For Malinowsky, the lesson learned was how to animate on the edge. A former engineer, Malinowsky’s choice to study with Animation Mentor changed his life. “Film was always an important part of my life,” he says. “Today, I am where I am because of Animation Mentor.” His first job was at Luma Pictures where he did simple, non-character animation. From there, he entered Rhythm & Hues Studios’ apprentice program and rolled onto Alvin and the Chipmunks. Now at Imageworks, he animated shots with Dracula and Jonathan as well as Mavis and Frankenstein.

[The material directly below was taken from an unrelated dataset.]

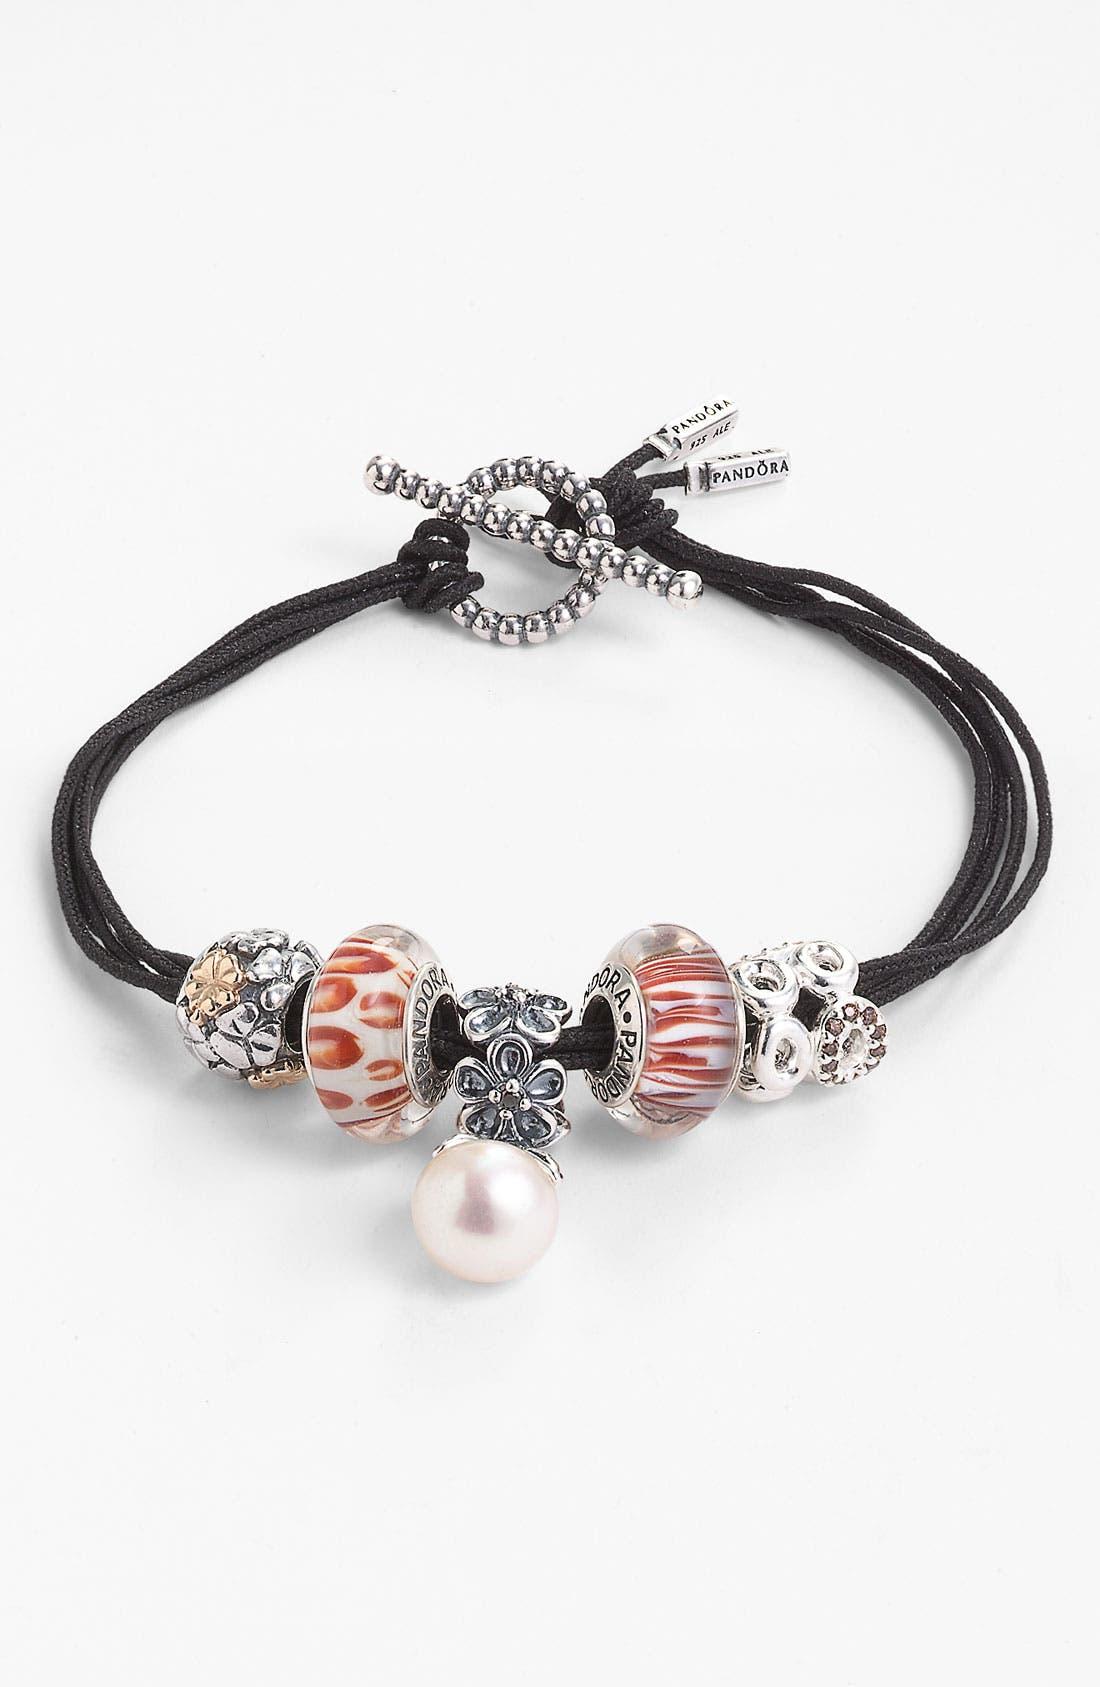 Main Image - PANDORA Customizable Charm Bracelet

“Generally, animating a character is kind of nerve wracking,” he says. “You don’t know if you’re supposed to push it. In this show, it was go for it. Do crazy stuff. I definitely learned how to push a character beyond what it’s designed for and that was something I hadn’t done before; taking a rig and pulling it to its max. Of course you have consequences, but it’s important. You want to try to do things people maybe haven’t done before. Being at that cusp, that edge, trying things people haven’t tried before … It’s exciting.”
Barbara Robertson is a freelance writer based in the San Francisco Bay Area.